Un usage disparate selon la destination initiale du point d’accueil

  • L’utilisation du dispositif VisioRDV a montré des disparités au sein même des points d’accueil. En effet, ceux portés par des relais de services publics ou des structures sociales, plus habitués à interagir avec un public en demande d’informations et les services, ont montré un usage exponentiel, tandis que les « petits » points d’accueil (agence postale, communauté de communes, etc.) ont eu plus de mal à être identifiés, tant par leur public cible que par les services.
  • On a pu remarquer aussi que l’usage dépendait essentiellement de la motivation et des compétences de l’agent d’accueil qui est amenée à parler du dispositif et à diffuser l’information autour d’elle. Une formation spécifique n’est pas à négliger.

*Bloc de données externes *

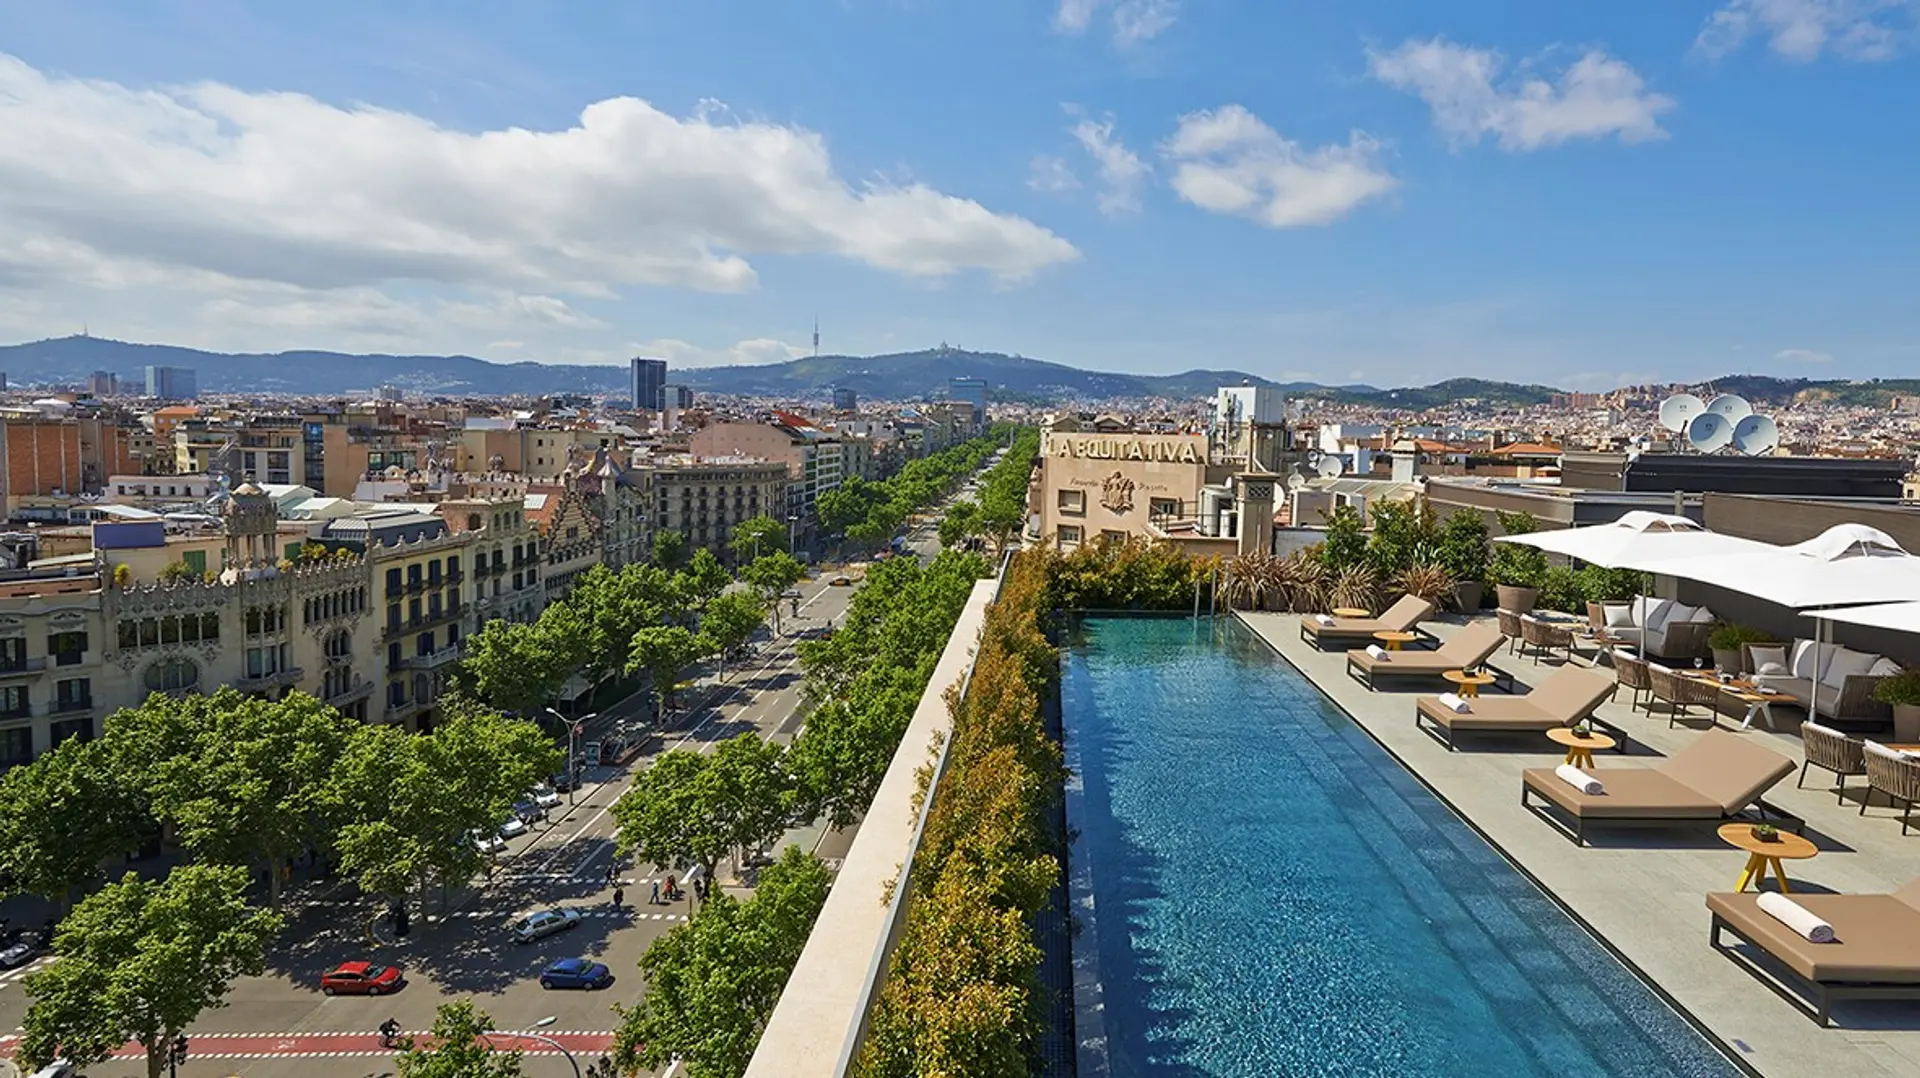 Hotel review Service & Facilities' - Mandarin Oriental Barcelona - 0

Des compétences accrues pour les points d’accueil

  • Le dispositif a par ailleurs pu permettre aux points d’accueil de renforcer leurs liens avec les services en appuyant leur rôle d’interface entre eux et les usagers (rôle de primo-accueil, de défrichage des demandes et des besoins permettant d’optimiser les rdv en visio, etc.). Un contact direct avec les services reste ainsi le meilleur moyen d’apporter une réponse rapide et pertinente aux usagers tout en optimisant le temps d’accueil des services.
  • La présence du dispositif a aussi renforcé la légitimité des points d’accueil au niveau local et a démontré l’utilité d’un accueil public dans des zones éloignées avec, pour certains, une demande de labellisation RSP-MsaP ou l’ouverture d’une antenne, bien vue de la part de la Préfecture.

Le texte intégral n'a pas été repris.